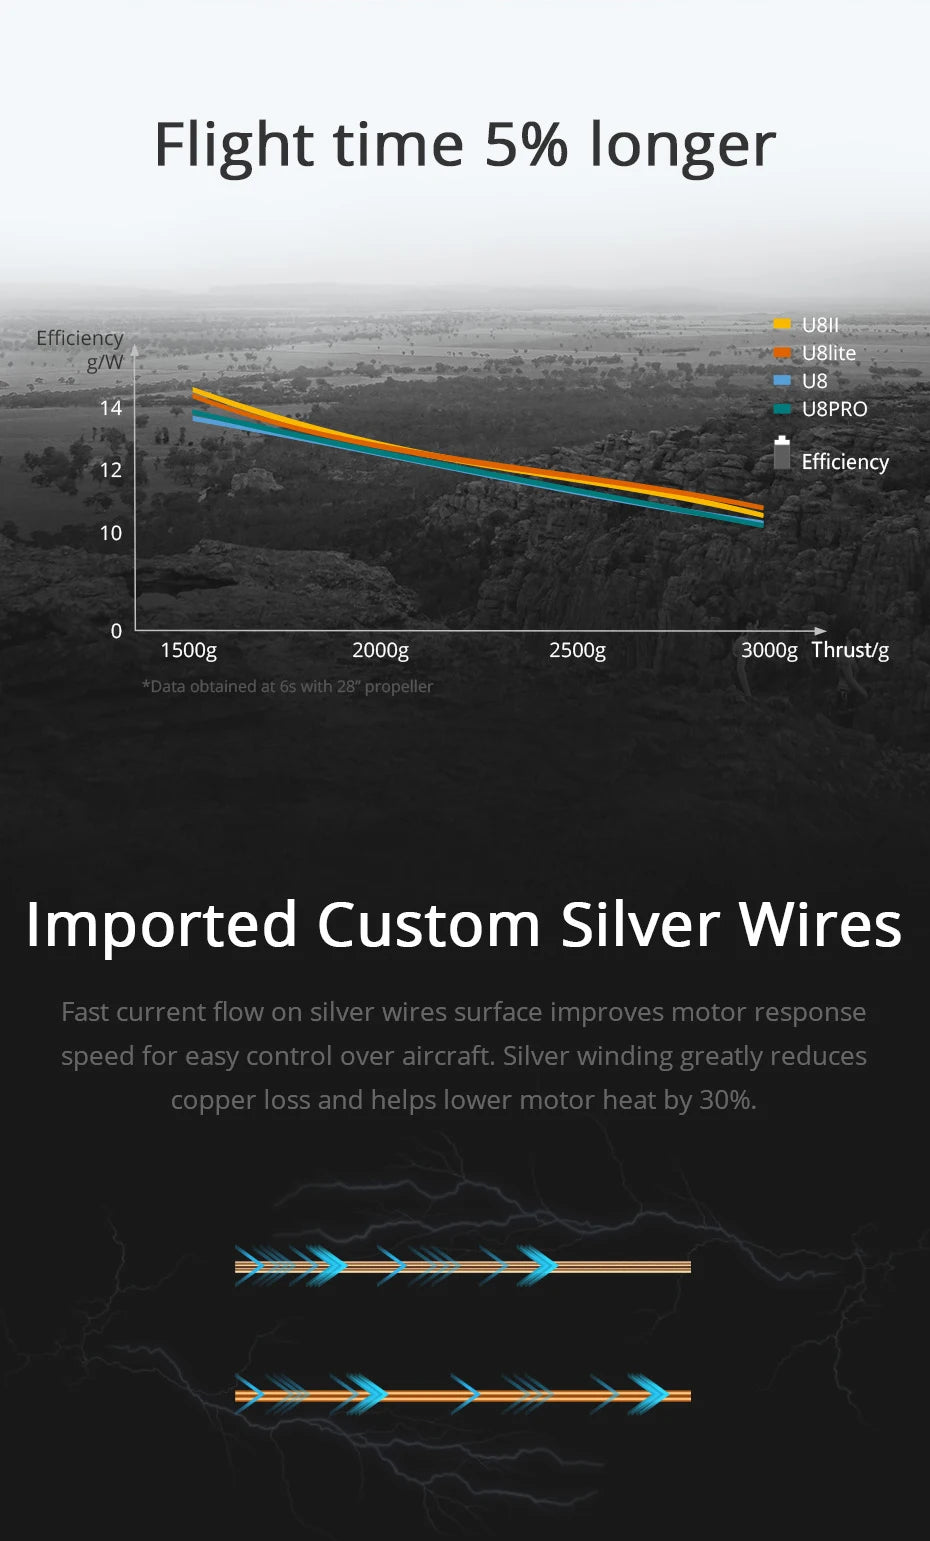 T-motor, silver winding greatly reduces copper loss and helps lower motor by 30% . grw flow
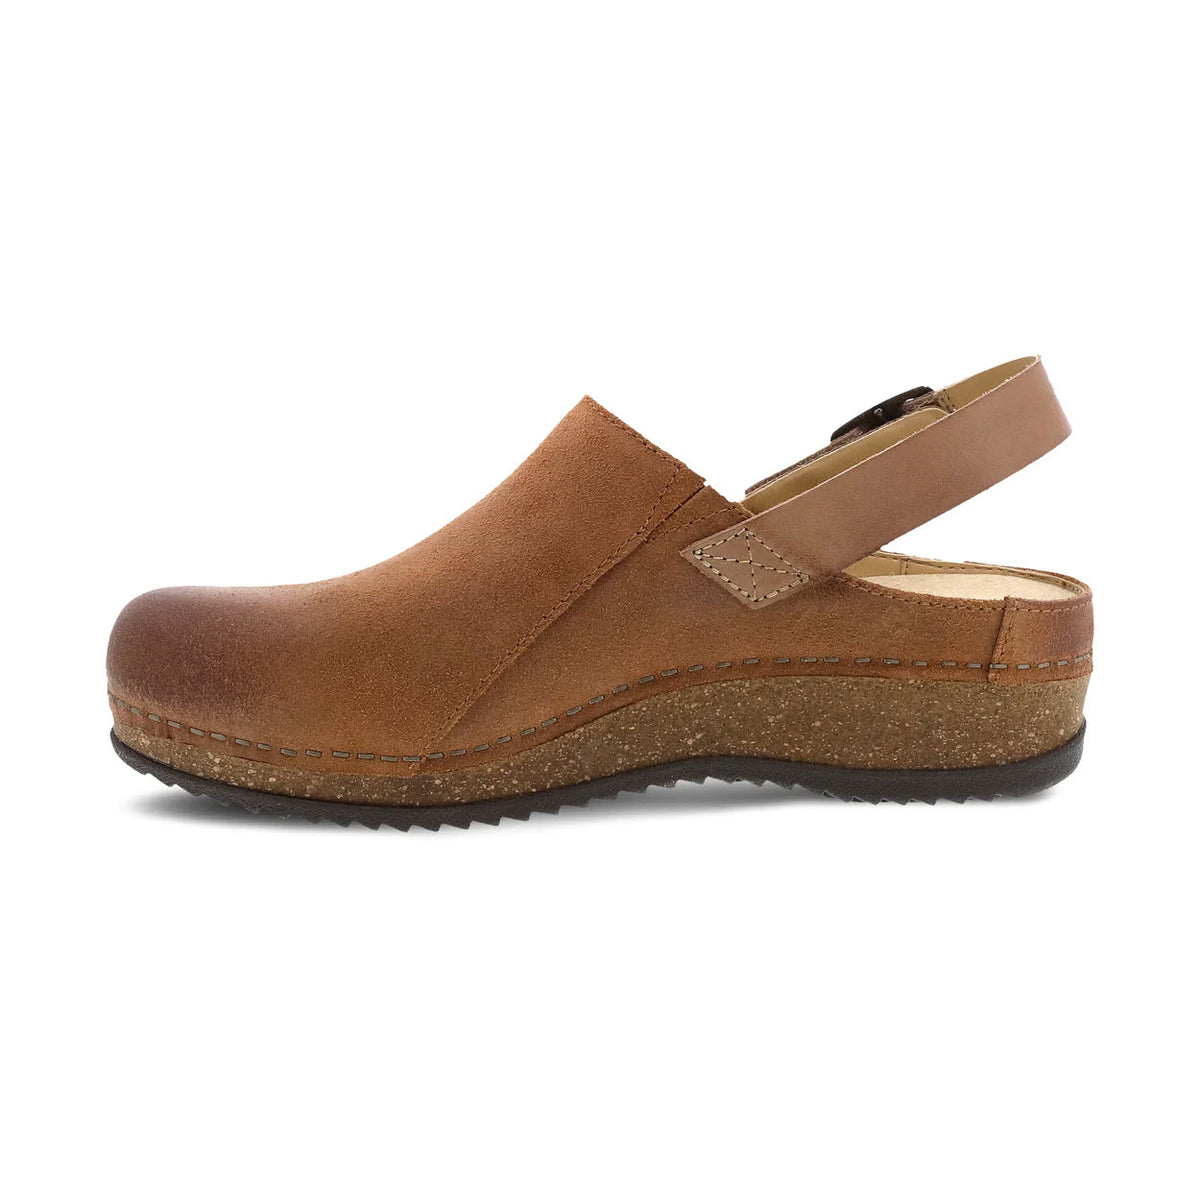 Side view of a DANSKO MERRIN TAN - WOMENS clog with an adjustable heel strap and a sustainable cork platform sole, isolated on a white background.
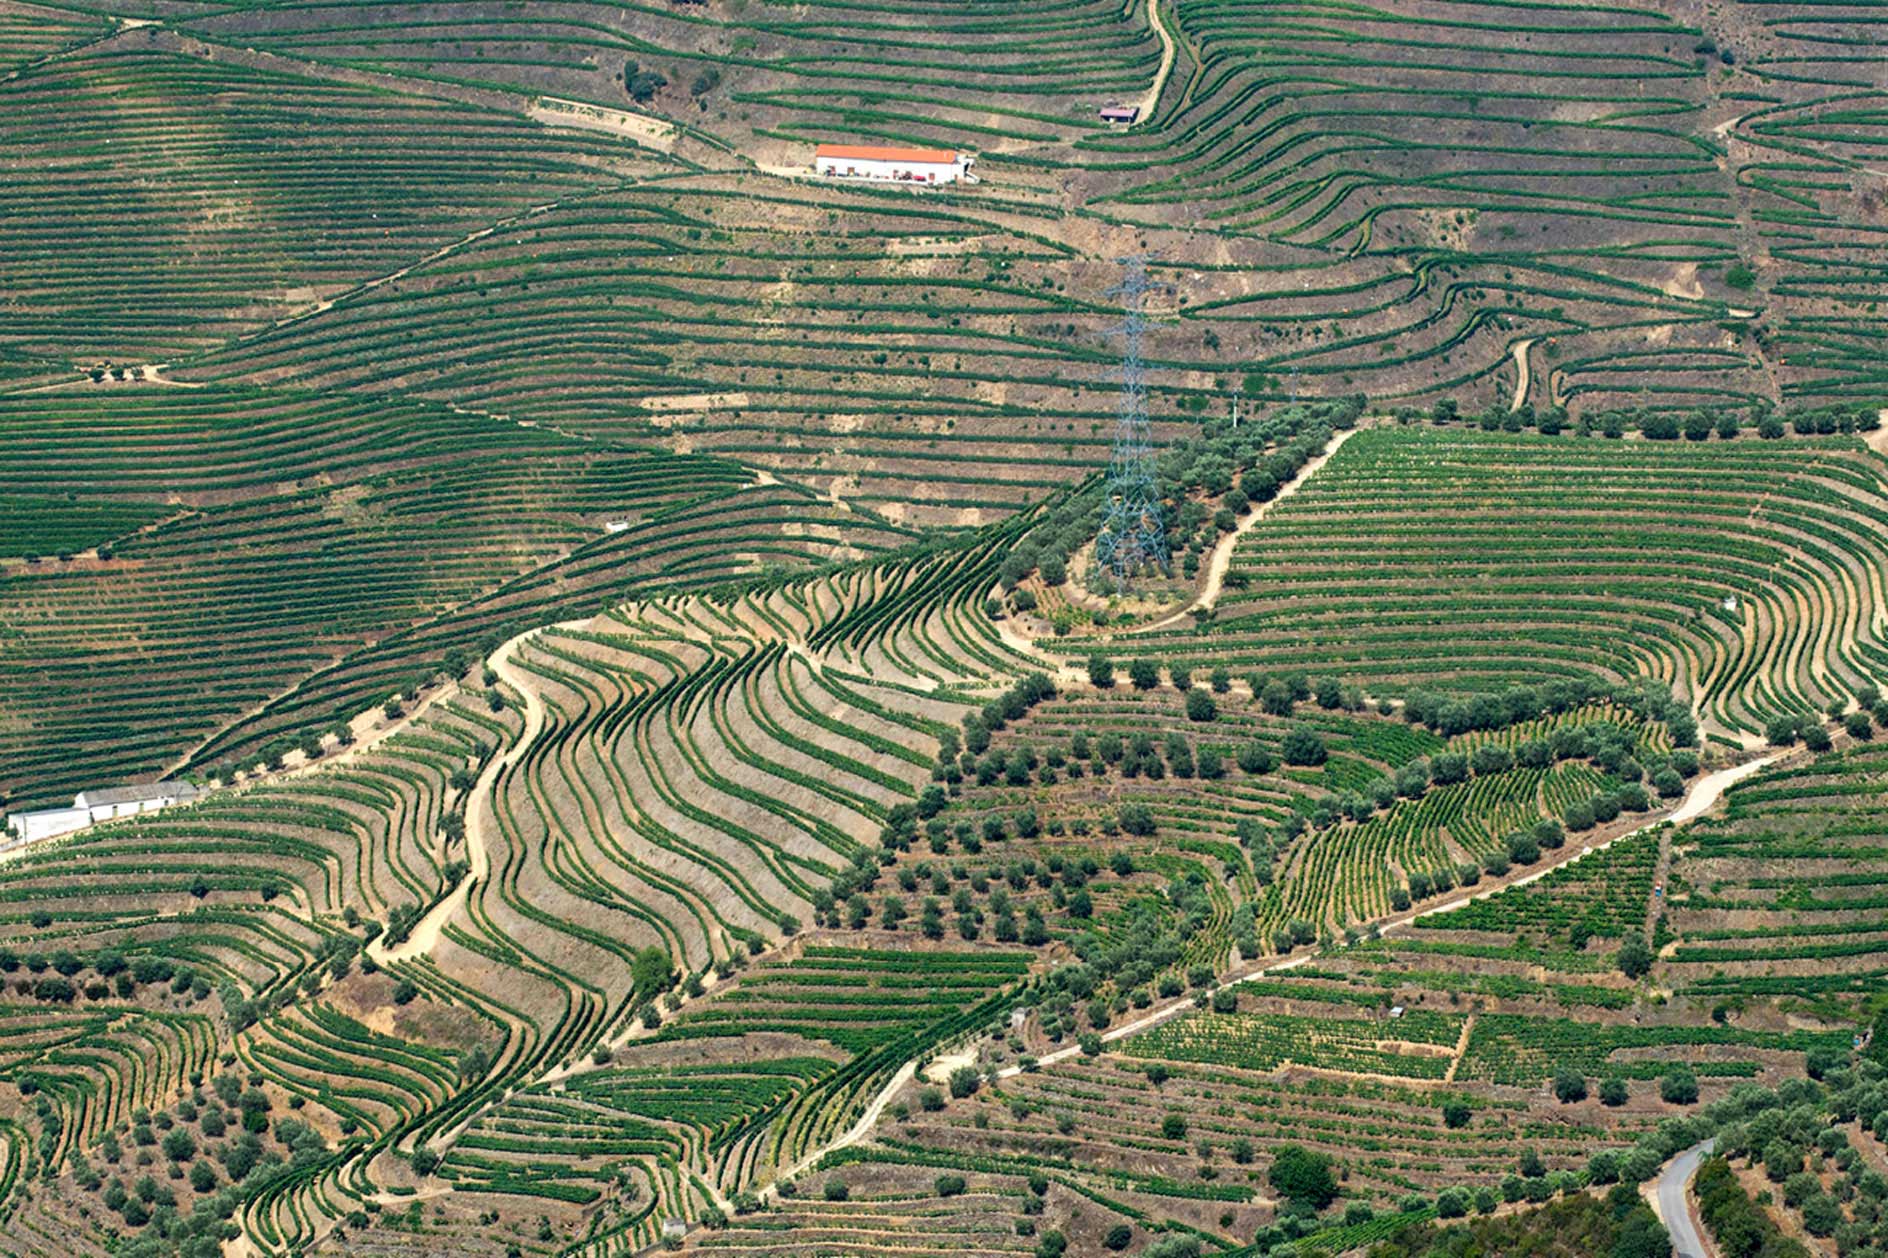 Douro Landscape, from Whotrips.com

## What you have to do
An unaltered copy of the material, without images, should be set down.

## Answer
 T-motor, silver winding greatly reduces copper loss and helps lower motor by 30% . grw flow
 Side view of a DANSKO MERRIN TAN - WOMENS clog with an adjustable heel strap and a sustainable cork platform sole, isolated on a white background.
 Douro Landscape, from Whotrips.com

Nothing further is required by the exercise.